Siege: Trump Under Fire
- First edition cover
- Author: Michael Wolff
- Language: English
- Subject: Presidency of Donald Trump
- Published: June 4, 2019
- Publisher: Henry Holt and Company
- Publication place: United States
- Media type: Print, e-book, audiobook
- Pages: 352
- ISBN: 978-1250253828 (Hardcover)
- Preceded by: Fire and Fury: Inside the Trump White House
- Followed by: Landslide: The Final Days of the Trump Presidency

= Siege (Wolff book) =

2019 non-fiction book by Michael Wolff

Siege: Trump Under Fire is a book by Michael Wolff and which according to Wolff, details the behavior of U.S. President Donald Trump and his administration. The book is a sequel to Fire and Fury: Inside the Trump White House, a New York Times number one bestseller.

==Publication==
In June 2018, Wolff announced that he had signed a deal with Henry Holt and Company, the publisher of Fire and Fury, to write a sequel. The book was released on June 4, 2019.

==Summary==
Wolff's narrative begins in February 2018, and ends with the release of the Mueller Report in March 2019. Wolff uses on-the-record comments by Steve Bannon, a former aide to Trump. He claims to have 150 sources for the book.

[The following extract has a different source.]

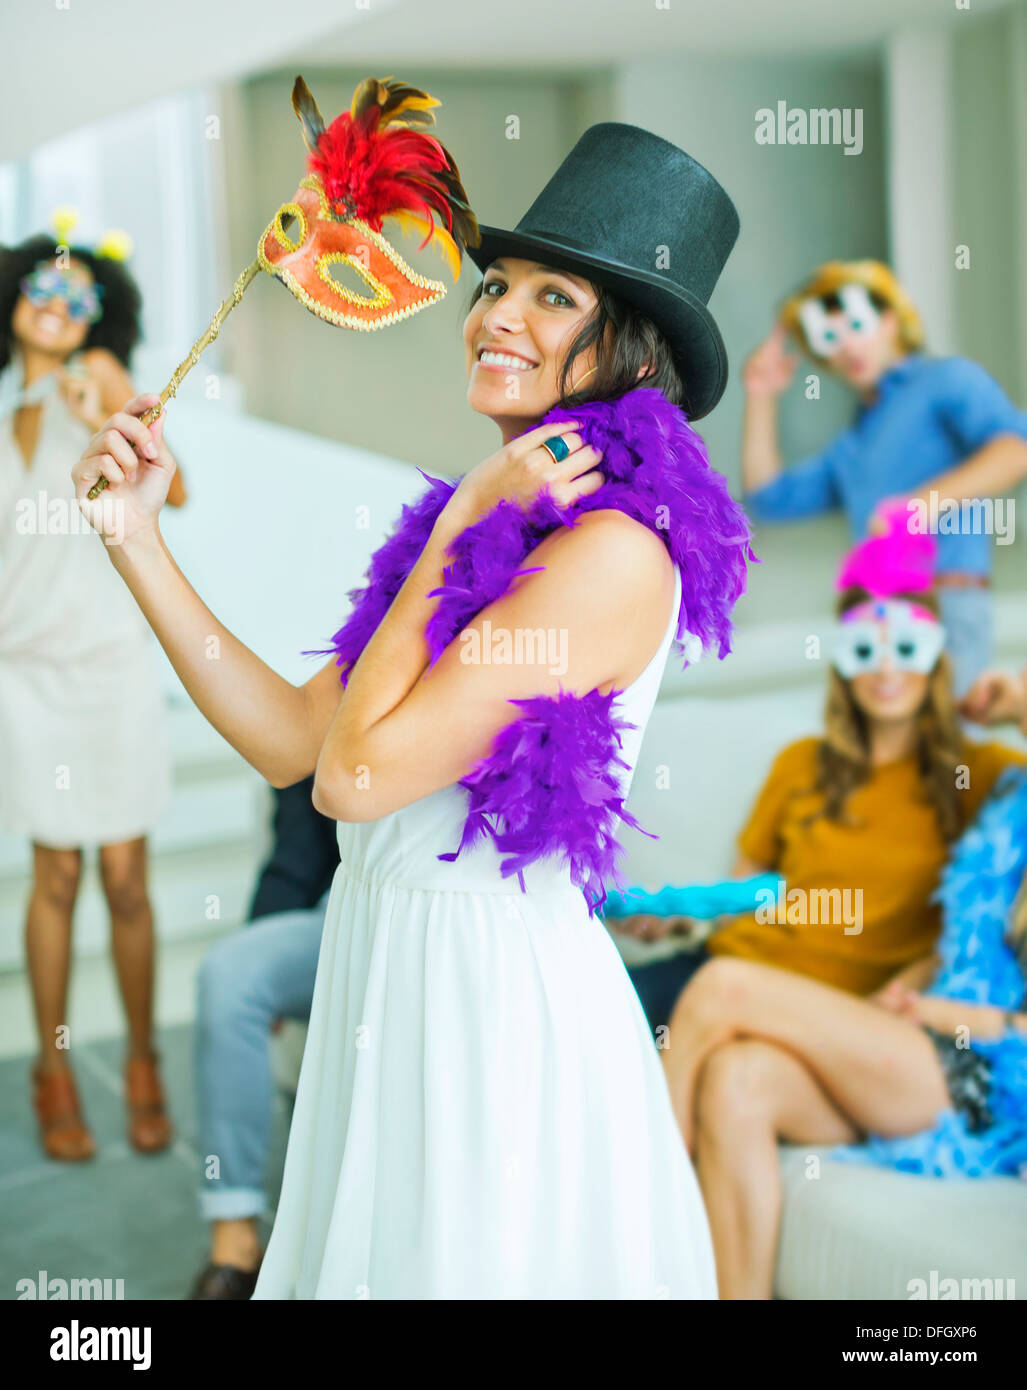 Femme portant un chapeau ridicule Photo Stock - Alamy

According to Wolff, "Robert Mueller drew up a three-count obstruction of justice indictment against Donald Trump before deciding to shelve it." A week prior to the release of Siege, a spokesperson for Mueller denied that such a document exists.

==Reception==
Harvard law professor Alan Dershowitz, who was mentioned in the book, criticized Wolff and his publisher's alleged failure to confirm the story, adding that "it is fiction and bad fiction at that."

In an interview, Michael Isikoff questioned Wolff over various factual errors and inconsistencies in the book, such as his claim of an obstruction of justice indictment by Mueller. Wolff did not acknowledge these concerns as significant and argued that the purpose of the book was to offer readers "a sense of what this experience [of Trump world] is."